Selanjutnya adalah sukacita yang memancarkan ke sekelilingnya, bagi jemaahnya, bukan hanya bagi dirinya sendiri. Itu merupakan sukacita atas hal yang terjadi di sekitar dirinya, bagi jemaah yang dibimbingnya. “Bukan karena kami mau memerintahkan apa yang harus kamu percayai, karena kamu berdiri teguh dalam imanmu. Sebaliknya, kami mau turut bekerja untuk sukacitamu.” (2 Kor 1:24). Dalam suratnya kepada jemaah di Filipi ia melukiskan jemaah itu sebagai “sukacita dan mahkotaku” (Fil 4:1). Kita tidak boleh membayangkan bahwa jemaah di Filipi itu suatu jemaah ideal yang sempurna. Sebab dari suratnya kita mengetahui bahwa Paulus harus memohon dengan sangat, seakan-akan sambil berlutut, agar mereka jangan berselisih, jangan saling menyerang atau jangan terpecah-belah. “dengan tidak mencari kepentingan sendiri atau puji-pujian yang sia-sia. Sebaliknya hendaklah dengan rendah hati yang seorang menganggap yang lain lebih utama dari pada dirinya sendiri” (Fil 2:3). Dengan kata lain, dalam jemaah itu ada persaingan dan usaha mencari pujian yang sia-sia. Jemaah itu bukan jemaah mudah, karena memang menimbulkan problem-problem yang merepotkan. Meskipun begitu Paulus berhasil memandangnya sebagi sukacitanya, sebab ia mendapatkan anugerah pandangan iman yang melihat lebih jauh dari pada pertimbangan-pertimbangan yang bersifat pragmatis belaka, biasa dan rutin. Itu merupakan anugerah adikodrati, kuasa Roh yang selanjutnya berada dalam dirinya dalam tingkat yang unggul.

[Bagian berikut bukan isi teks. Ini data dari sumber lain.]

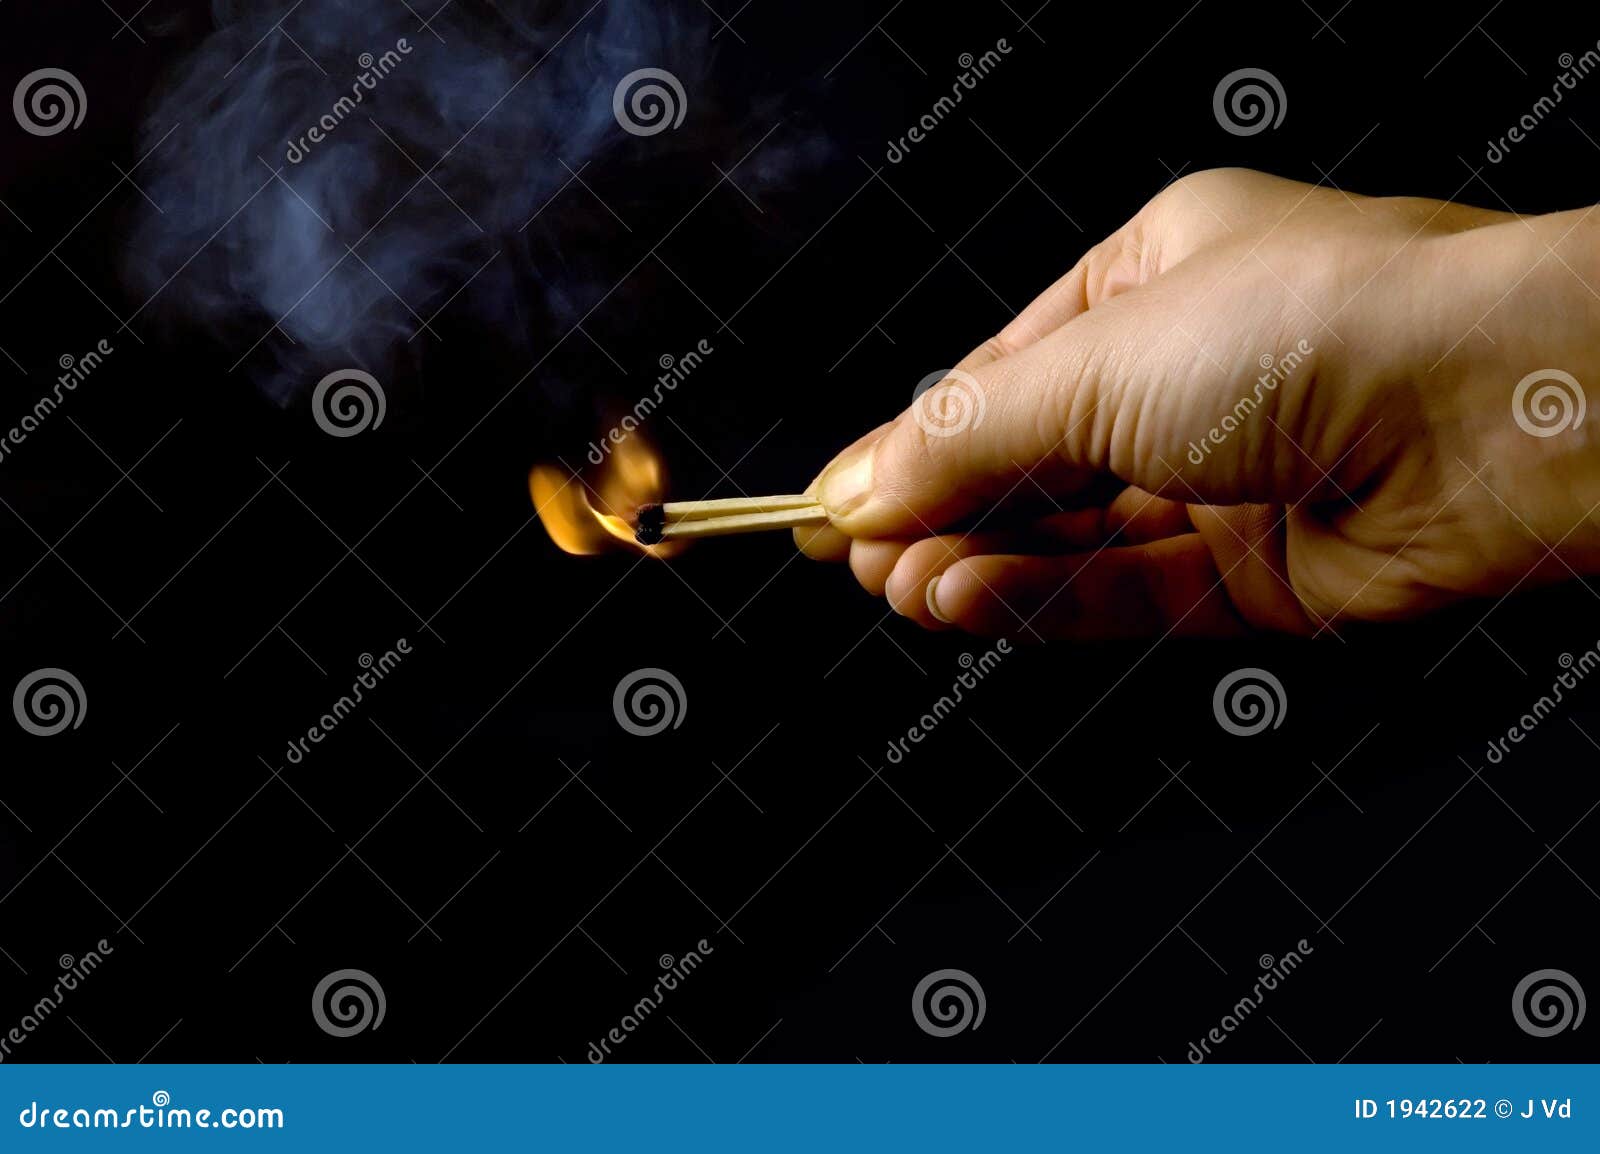 hand holding a burning match

Sikap batin yang kedua yang menyusul yang pertama ialam kemampuan bersyukur. Ia menghimbau orang-orangnya supaya bersyukur kepada Bapa dengan sukacita (dan mengucap syukur dengan sukacita kepada Bapa, yang melayakkan kamu untuk mendapat bagian dalam apa yang ditentukan untuk orang-orang kudus di dalam kerajaan terang.- Kol 1:12). Memang ciri khas Rasul Paulus untuk menyatukan sukacita dengan ucapan syukur.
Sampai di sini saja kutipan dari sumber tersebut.